I’ve been watching the oil market for the last several weeks with great unease. Over the last few days it seemed to be stalling out at $115.oo/barrel. To my delight today it fell below $100.00/barrel!
Later I found out that oil fell because of all the bad economic news. Consumer confidence and spending is down, unemployment claims are up. So, all of a sudden the traders felt like they didn’t want to hang on to their oil futures any more.
Well, I think there is more to the story here. No one in their right mind could believe that economic activity was supporting oil at current levels. All this falderol about the emerging economies and heightened demand pushing the market was just a smoke screen. The true problem is our dollar and it’s weakness. Investors were fleeing our dollar and putting the money into commodities. But what seems safe one day looks risky on another.
Commodities maintain their value only under strong demand. But worldwide there is still a slump. When the largest economy (STILL THE U.S.) reports bad economic indicators all the emerging markets in the world don’t make up for it.
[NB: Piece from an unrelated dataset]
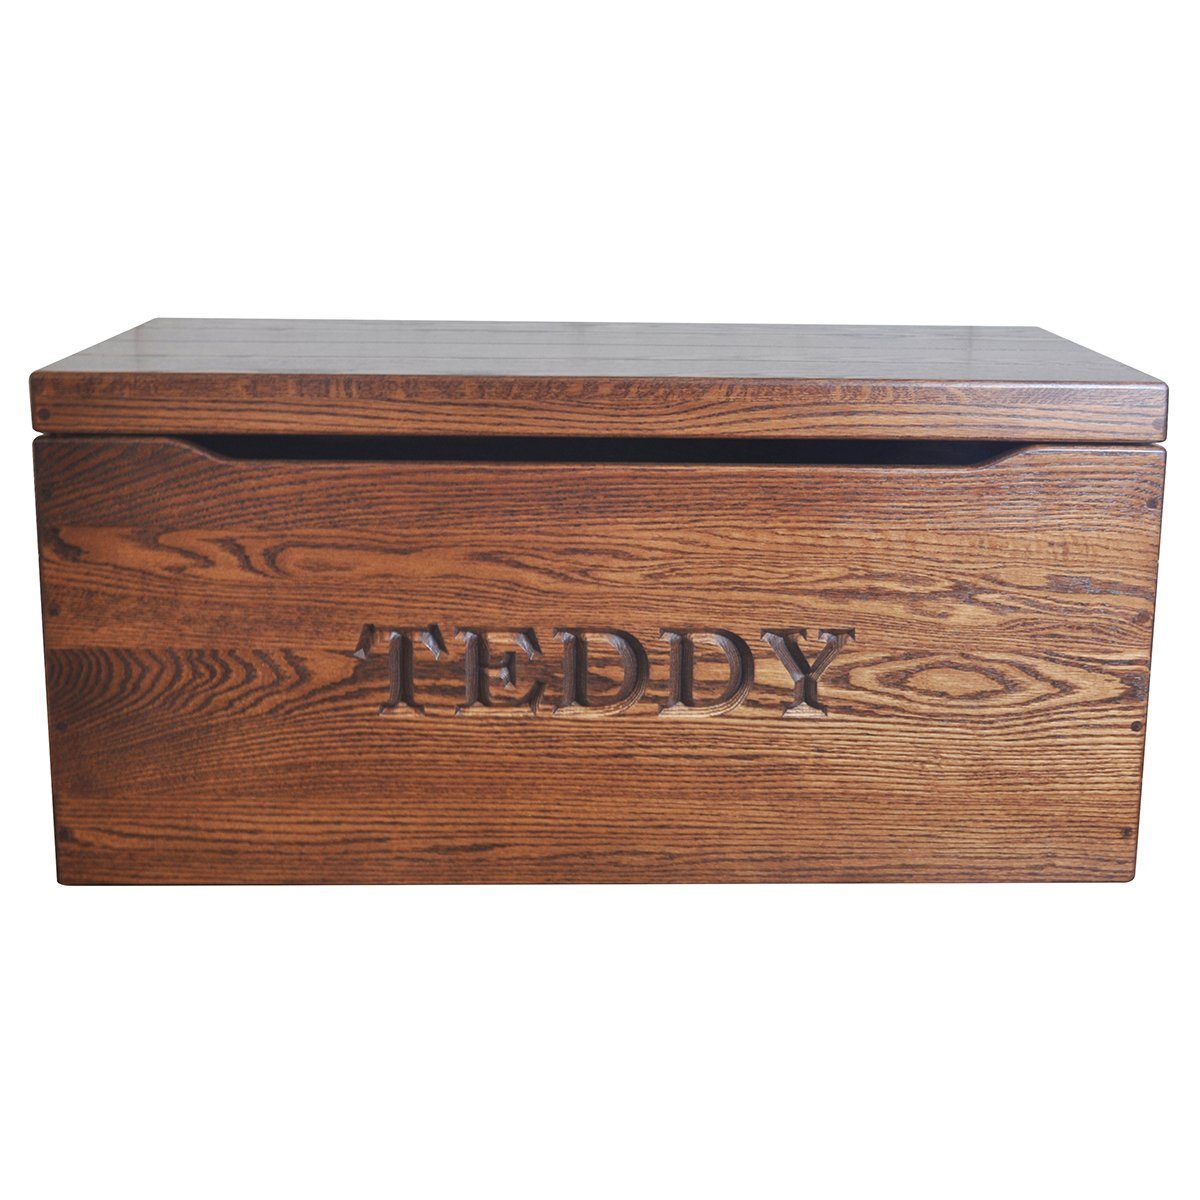 Engraved toy Chest Example
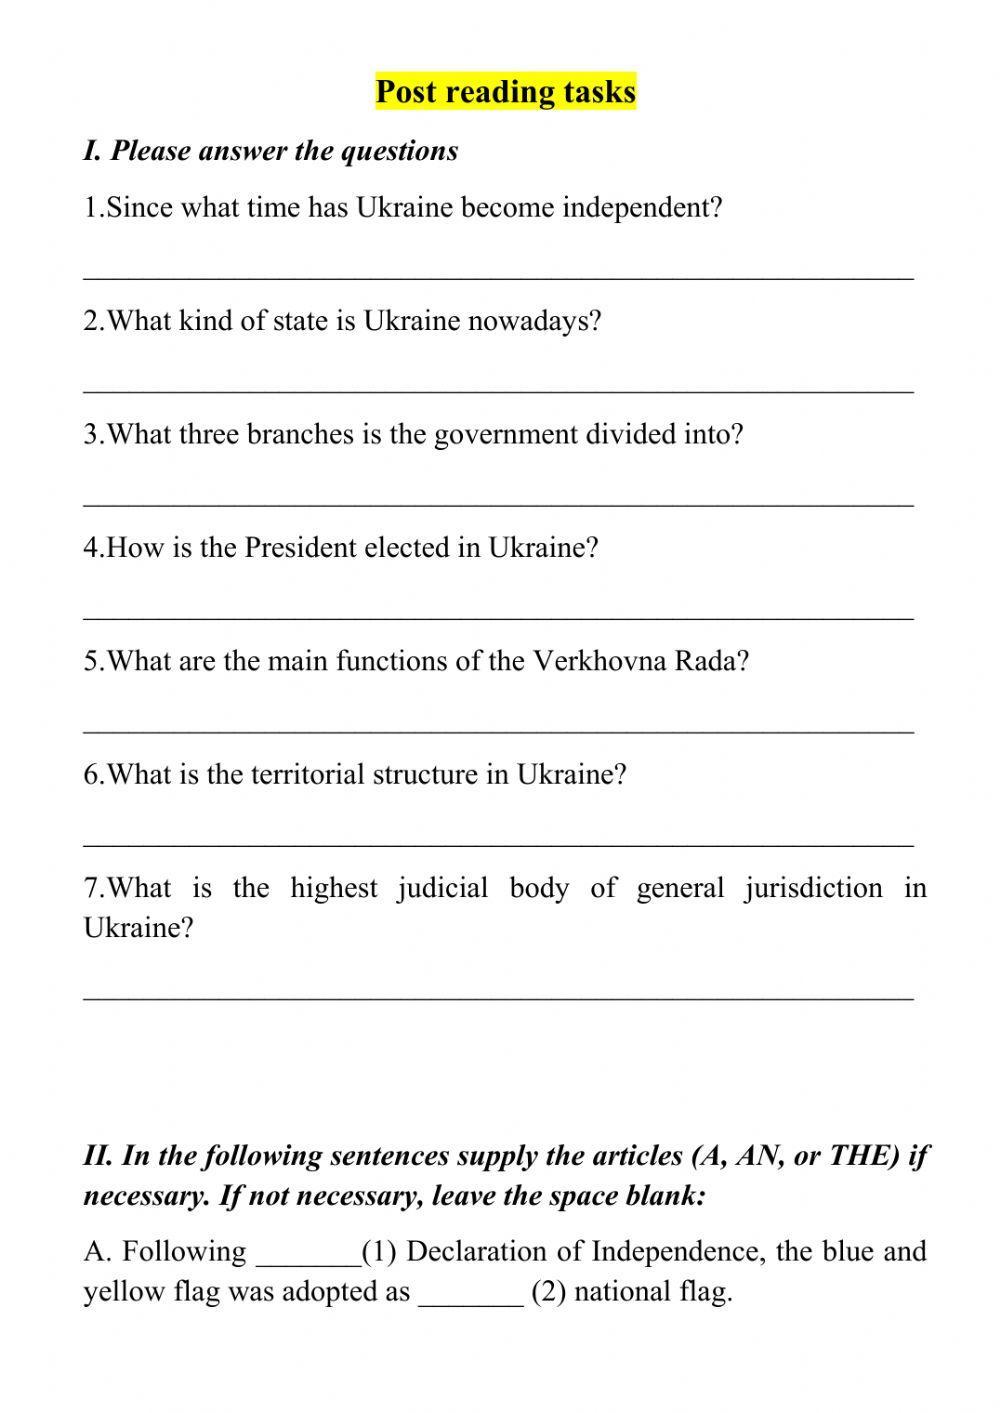 The political system of Ukraine

What would help the most is for our government to return to sane fiscal policy. Such a policy would allay fears of inflation. The dollar would once again become a reliable store of value. Investors wouldn’t frantically seek to dump dollars for whatever else looked better creating the kinds of bubbles in commodities we’ve seen.
There really is no better solution than for the federal government to drastically rein in spending, reduce the deficit and balance it’s budget. The economic health of THE WORLD depends on it.